Quest'anno in occasione della giornata il CNS e il CIVIS, il coordinamento delle associazioni e federazioni dei donatori di sangue, che riunisce Avis, Fidas, Fratres e Croce Rossa, hanno organizzato una campagna, che riprende quella dell'Oms, intitolata quindi 'Be there for someone else', diretta in maniera particolare alla sensibilizzazione dei giovani sul tema della donazione.
L'iniziativa prevede una pagina web sul sito del CNS che verrà messa on line il 14 giugno che raccoglie video di testimonianza raccolti sia tra i pazienti che tra i donatori, iniziative specifiche e contributi di personaggi famosi del mondo dello spettacolo e dello sport. Il materiale verrà anche rilanciato sui diversi social network. Fa parte della campagna anche una conferenza internazionale sulla donazione di plasma prevista per il 15 giugno in collaborazione con Fiods, la federazione internazionale dei donatori di sangue.
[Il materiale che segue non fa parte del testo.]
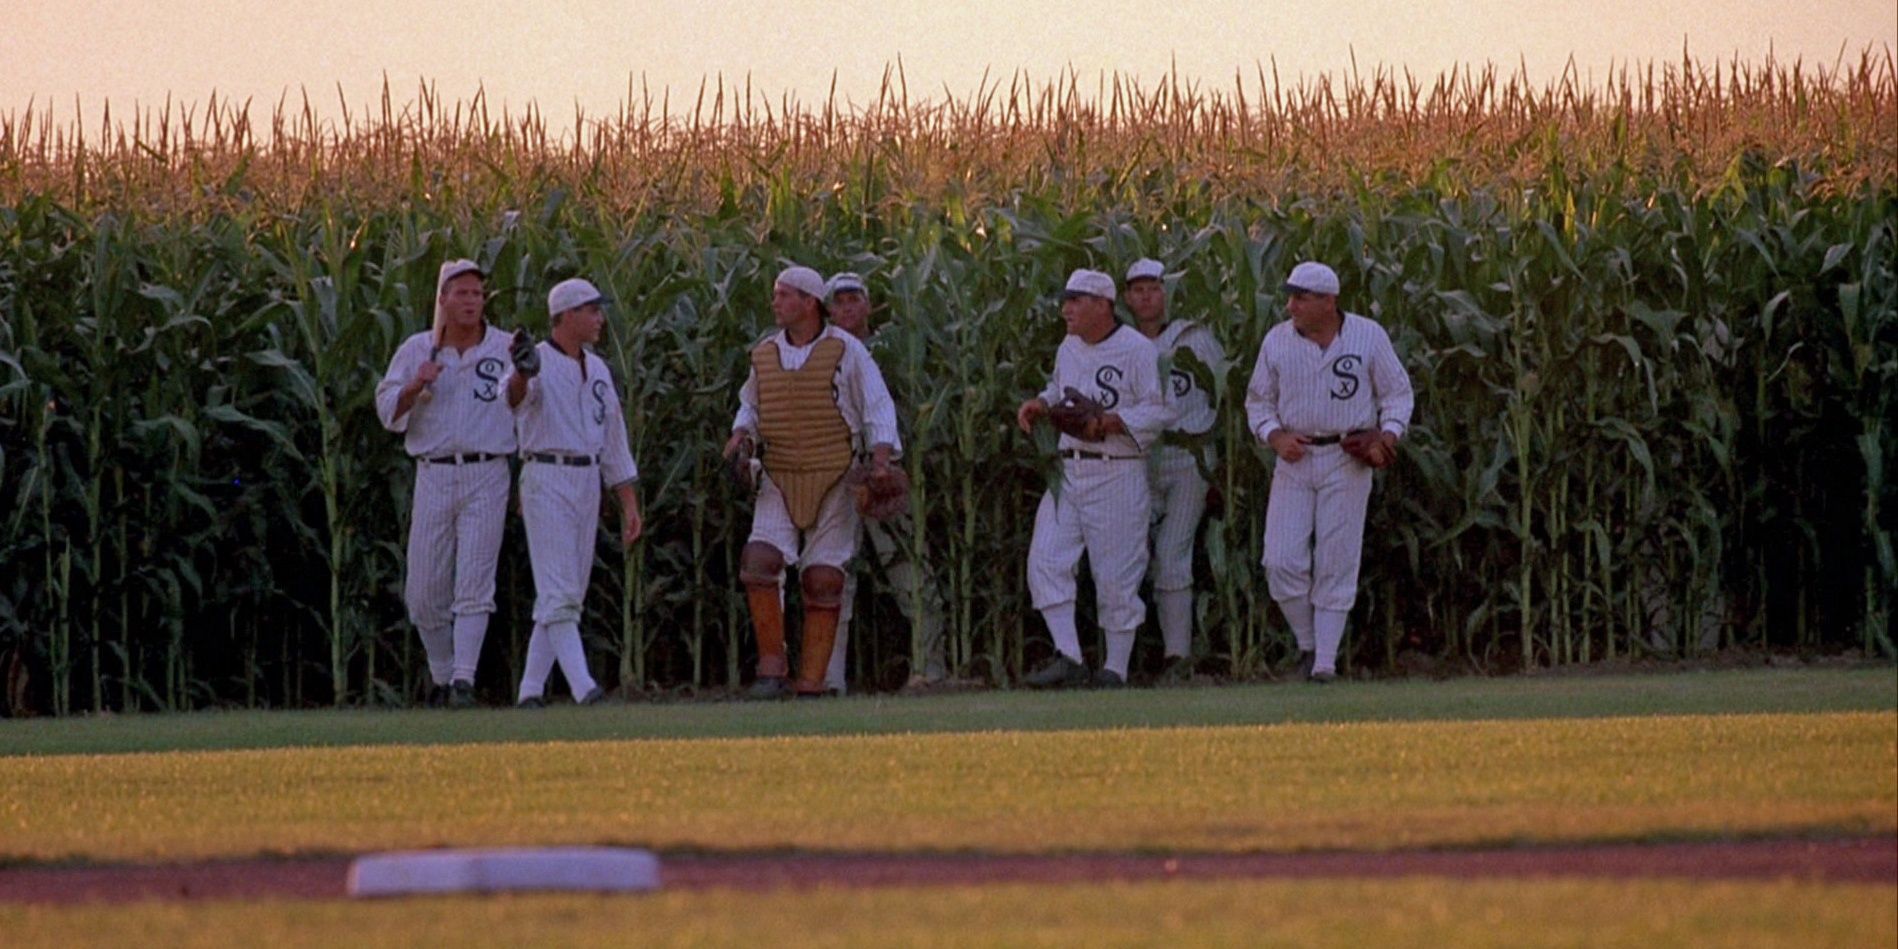 The White Sox walk out of the corn field in Field of Dreams

"La donazione di sangue ed emocomponenti è un atto volontario, anonimo e responsabile: per questo in occasione del 14 giugno vogliamo innanzitutto dire grazie al milione e 680mila donatori che tendono il proprio braccio a favore di quanti necessitano di terapie trasfusionali – ricorda Aldo Ozino Caligaris, portavoce protempore del Civis – Al tempo stesso, tuttavia, è necessario continuare nell'attività di sensibilizzazione delle nuove generazioni affinché sperimentino l'importanza di questo gesto etico e solidaristico a favore degli altri e di se stessi in quanto contribuisce a tenere sotto controllo il proprio stato di salute e a perseguire corretti stili di vita".
Su iniziativa della Presidenza del Consiglio dei Ministri – Dipartimento informazione e editoria verrà riprogrammato sulle reti RAI lo spot sulla donazione del sangue realizzato dal Dipartimento nel 2015 a firma congiunta Presidenza del Consiglio e Ministero della Salute.
Due innovazioni appena introdotte potrebbero aiutare le Regioni a far fronte alle carenze 'periodiche' che si verificano nei mesi estivi e in quelli di picco dell'influenza. Il Ministero della Salute ha inserito per la prima volta i donatori di sangue tra le categorie per cui è possibile offrire gratuitamente il vaccino antinfluenzale, e una raccomandazione del Centro Nazionale Sangue dà la possibilità a tutte le Regioni di non sospendere i donatori che provengono da aree dove è presente il virus West Nile ma di fare loro il test per scoprirne l'eventuale presenza.